I usually prefer to manually specify the expected result. While it's unlikely that the string interpolation in your example will break, there might be a case where you use a third party library to build the result. Using manual results will uncover version incompatibilities in these libraries. Also, there's always the danger of strange environmental circumstances that might break the function, like locale, encoding, 32- / 64-bit platforms, or similar. Sometimes, those actually break the function. Other times, they just broke the unit tests with their manually typed results. In either case, it's worthwhile to check.

If you test functions without side effects, you could use data-driven testing, which allows you to keep test inputs and expected outputs close together.

However, in your particular example, it might be a good idea to not hard-code the URL_TEMPLATE, but read it from some configuration file. This will ease the transition between different environments.

1
  • Thanks for the answer. I think I made my example too simple though. I don't really want to make sure the interpolation works. I am more thinking of a case where foo would do more things and as part of generating its output, use a constant I have defined. I would then need to check that somewhere, the returned value contains the right string. I will figure a better example.
    – Rodrigue
    Jul 1, 2012 at 17:34
-2

This is a good candidate for "Things that shouldn't be unit tested."

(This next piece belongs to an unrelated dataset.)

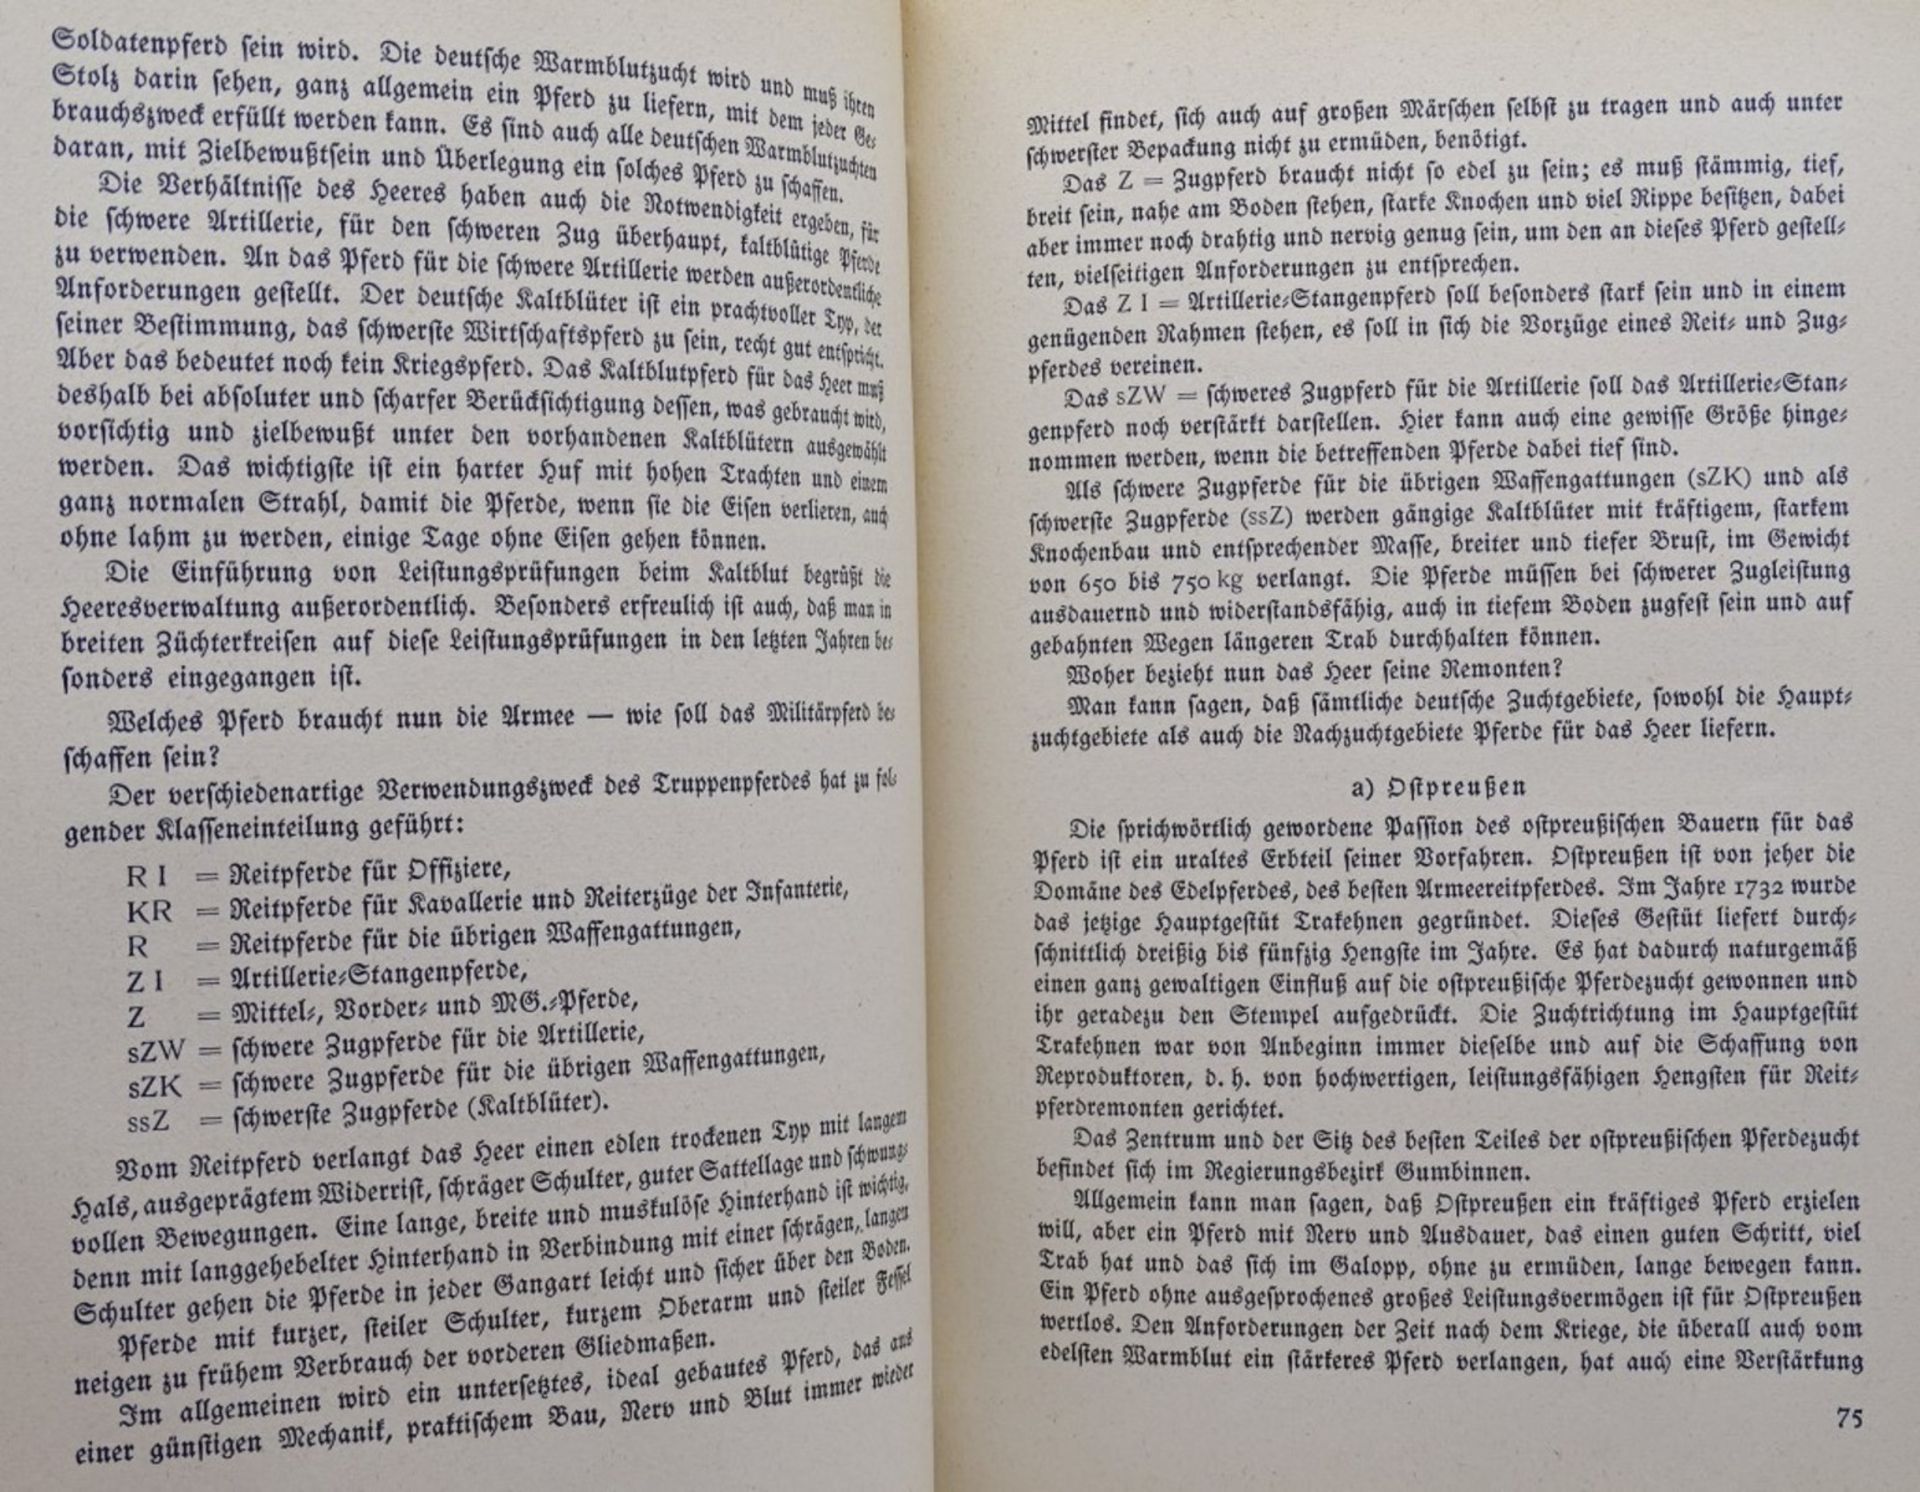 Jahrbuch des deutsches Heeres 1938 - Image 6 of 6

What business logic are you testing?

That the constant is set correctly? The test is just repeating the code then (which is a sign you shouldn't be testing it).

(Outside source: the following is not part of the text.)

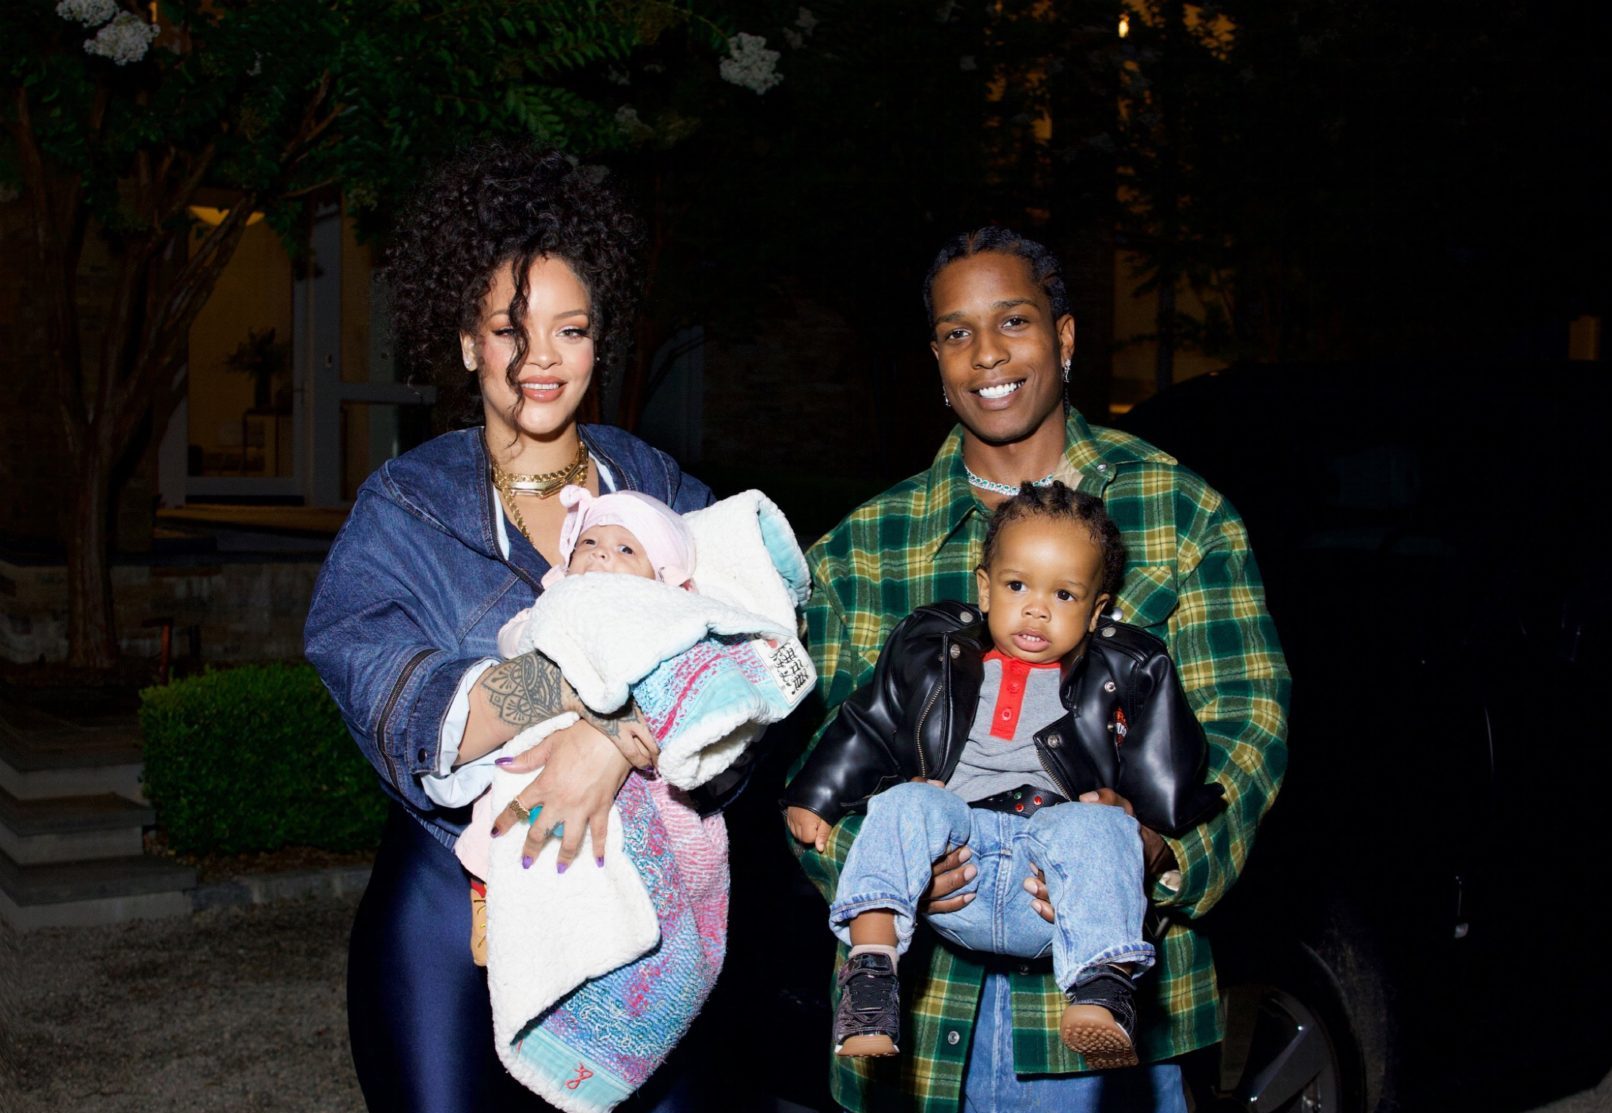 PHOTOS: Rihanna & A$AP Rocky Reveal Son's Face For 1st Time

That the language is doing string replacement properly? It's not your job to test the language.

4
  • 1
    My example is simple to stupidity which probably doesn't help my point. I'm thinking of the case where my foo would do other things and at some stage use the string constant to produce it's output. How would I check that the output contains the value of the constant?
    – Rodrigue
    Jul 1, 2012 at 16:42
  • @rodrigue: what's the requirement? if the requirement refers to the constant (regardless of value) then test versus it. If the requirement refers to the value of the constant (and the constant is an implementation detail) then test the value.
    – Telastyn
    Jul 1, 2012 at 16:44
  • Downvote for "candidate for things that shouldn't be tested" - since the question isn't about the example
    – Murph
    Jul 1, 2012 at 18:30
  • @murph: regardless, the constant string isn't part of what you should be testing.